Dried heirloom beans

I’ve posted about heirloom beans briefly in an earlier post, and I’ve plugged the great Californian company Rancho Gordo in my post about pozole, for their great dried corn.

What Rancho Gordo does best though is beans – specifically Amerindian heirloom varieties, which they’ve championed and are bringing back to the mainstream. What they are doing and selling is truly extraordinary, and has accidentally got me into making occasional vegetarian and even vegan dishes.

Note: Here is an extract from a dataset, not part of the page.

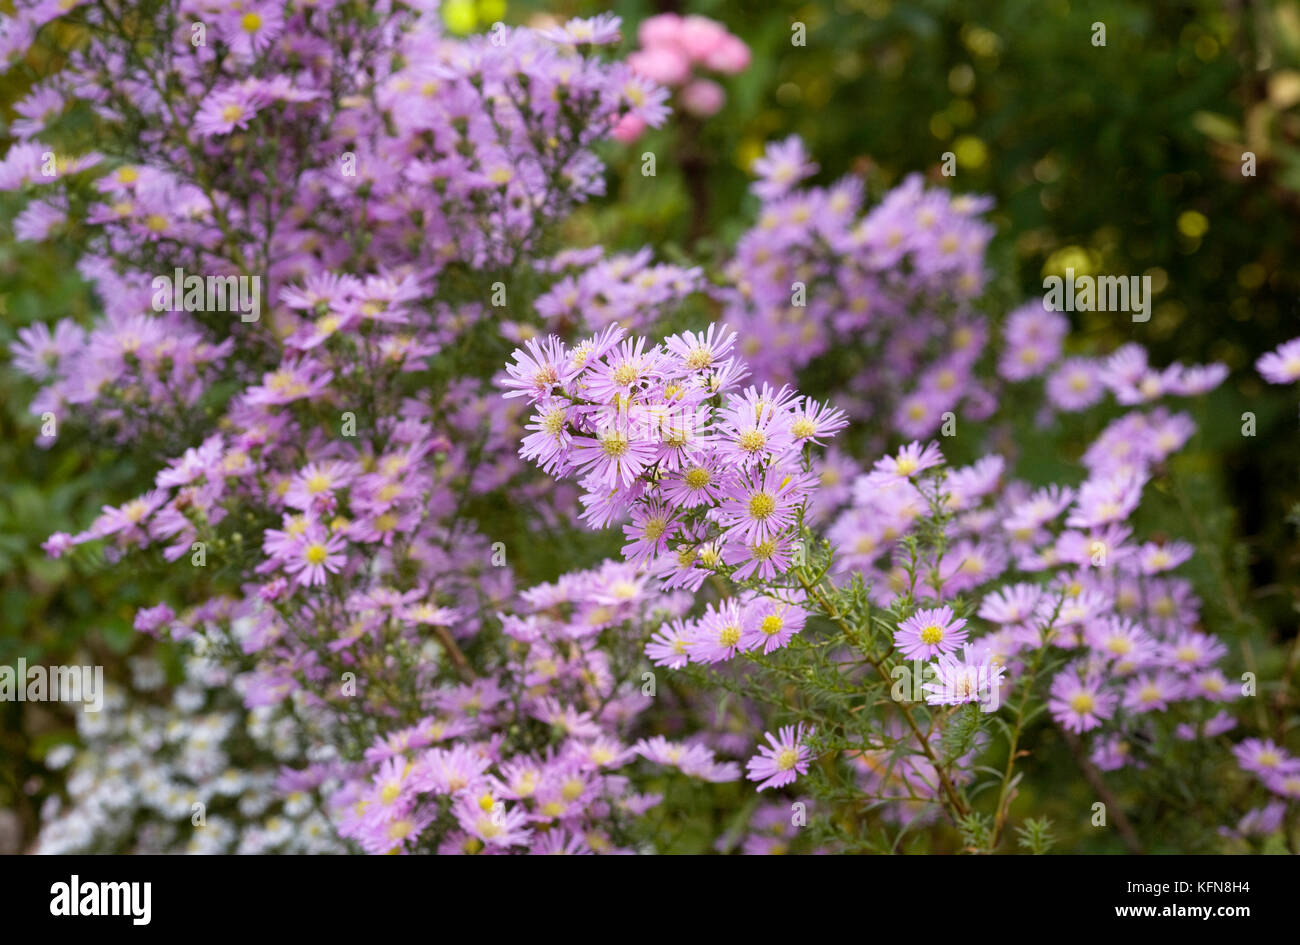 Symphyotrichum, Asters in the garden. Stock Photo

One strain in particular has me totally addicted: Good Mother Stallard, a reddish-brown speckled bean. These are so earthy, deep and delicious they resemble a heritage pork chop in a bean. Rancho Gordo writes, “Just this bean, some onion, some garlic and a splash of olive oil are all you need for cooking and the result is a luscious bean fiesta,” and they are pretty much on it.

I usually make the Stallards using the no-soak method developed by Russ Parsons (I tried them with soaking once and definitely prefer the no-soak). It’s quicker and preserves more of the flavor, though the Stallards require closer to 2 hours rather than the 90 minutes prescribed by Parsons. Just keep tasting toward the end.

I add aromatics halfway through the cooking process – tonight, it was carrots, shallots, some of Rancho Gordo’s intense, lemon-y oregano indio, chopped parsley and smashed garlic cloves. I also had a bunch of Jamaican scotch bonnets, a fresh jalapeno and some more fresh parsley to scatter over the top once it came out, along with a lime wedge. Served on white rice.

But really, I could have done without any of the toppings. The Stallards have everything they need inside them. HIGHLY RECOMMENDED.

3 thoughts on “Dried heirloom beans”

  1. How weird is it that one of my favorite record companies likes my beans? I’ve been a fan since Pizzicato 5 days!
    I’m flattered and ready to dance!